The state has more than a half-dozen telemedicine programs including pilot programs for dentistry, dermatology, and eye care. Other more ambitious pilots include a tele-ICU program established by John Muir Health and a pediatric ICU program being headed by the UC Davis Health System.

But even California is falling short in some areas.

"One thing California has not done yet is create policies that would allow for remote patient monitoring programs to reimbursed," said Mario Gutierrez, executive director for the Center for Connected Health Policy (CCHP). "With a few exceptions, just about every state is lagging in some areas."

State-by-state breakdown
To help providers keep up with what's happening in telemedicine across the U.S., the CCHP created the State Telehealth Laws and Reimbursement Policies,a section of its website that provides a comprehensive scan of telemedicine laws with a state-by-state breakdown.

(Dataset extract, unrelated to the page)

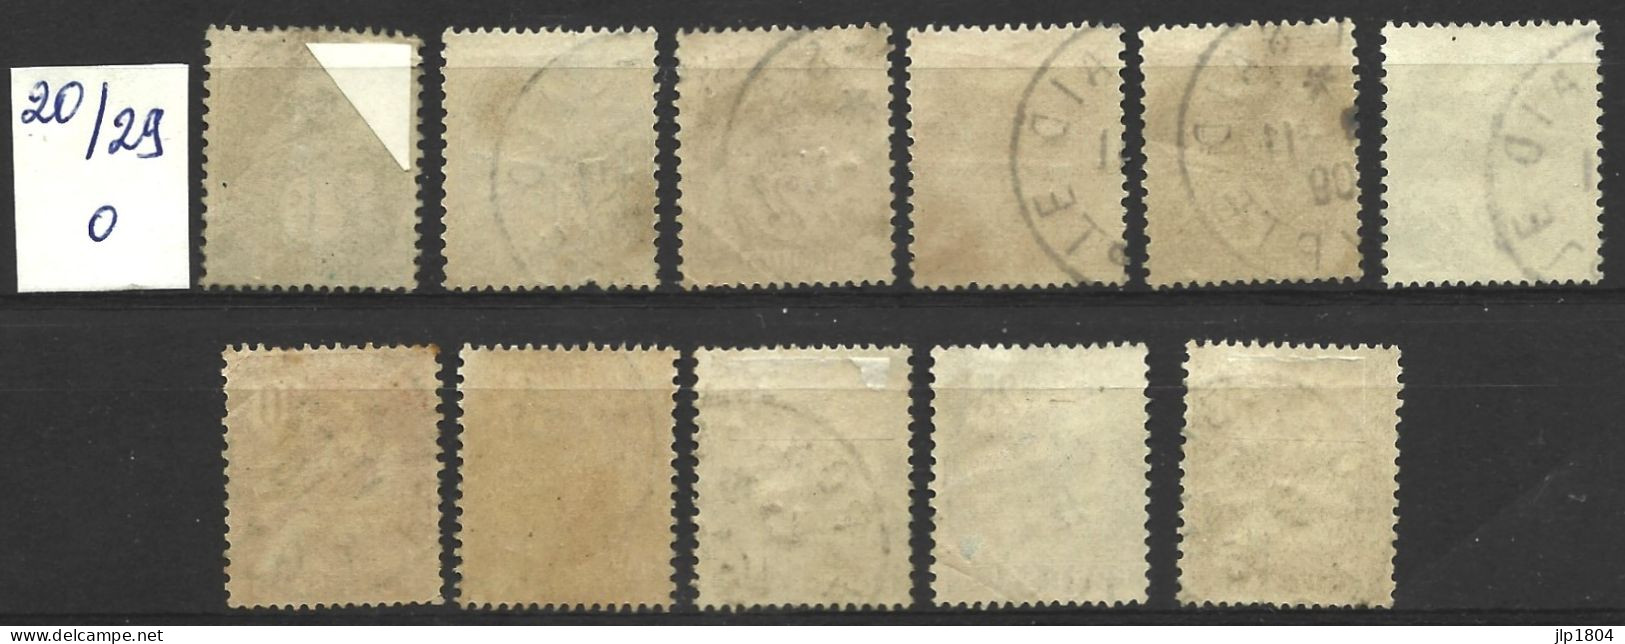 PORT SAÏD Série YT N° 20 à 29 Oblitérés - Used Stamps

"Some states have incorporated policies into law, while others have addressed issues such as definition, reimbursement policies, licensure requirements, and other important issues in their Medicaid Program Guidelines," Gutierrez said in his introduction to the latest report released in February 2014.

The report shows that 46 state Medicaid programs currently reimburse providers for some form of medicine using live video. Nine states offer Medicaid reimbursements for providers involved in telemedicine programs using store-and-forward technology.

And 11 states reimburse providers who use remote patient monitoring to care for patients after they're discharged from a hospital or rehab facility. Only two states—Alaska and Minnesota—currently reimburse providers through Medicaid for all three areas.

Bellwether for change
Gutierrez said that, in addition to CMS getting more involved, major providers are leading the way with programs designed to show that telemedicine can improve outcomes and save money.

Kaiser Permanente, which has 9.1 million health plan members and dozens of hospitals and medical centers in eight states, recently launched a program called HouseCalls. The program allows patients to conduct 20-minute physician visits from their homes and is available in Virginia, Maryland, and Washington, D.C.

Kaiser also has teledermatology programs operating in Colorado and California that allow primary care physicians to send high-resolution photos of moles and skin lesions to dermatologists by email, avoiding the need for many patients to schedule unnecessary visits.

"[Kaiser is] a bellwether for what's happening," said Gutierrez. "I think we're going to see more wellness-based systems like Kaiser's because they are value-based and save money in the long run."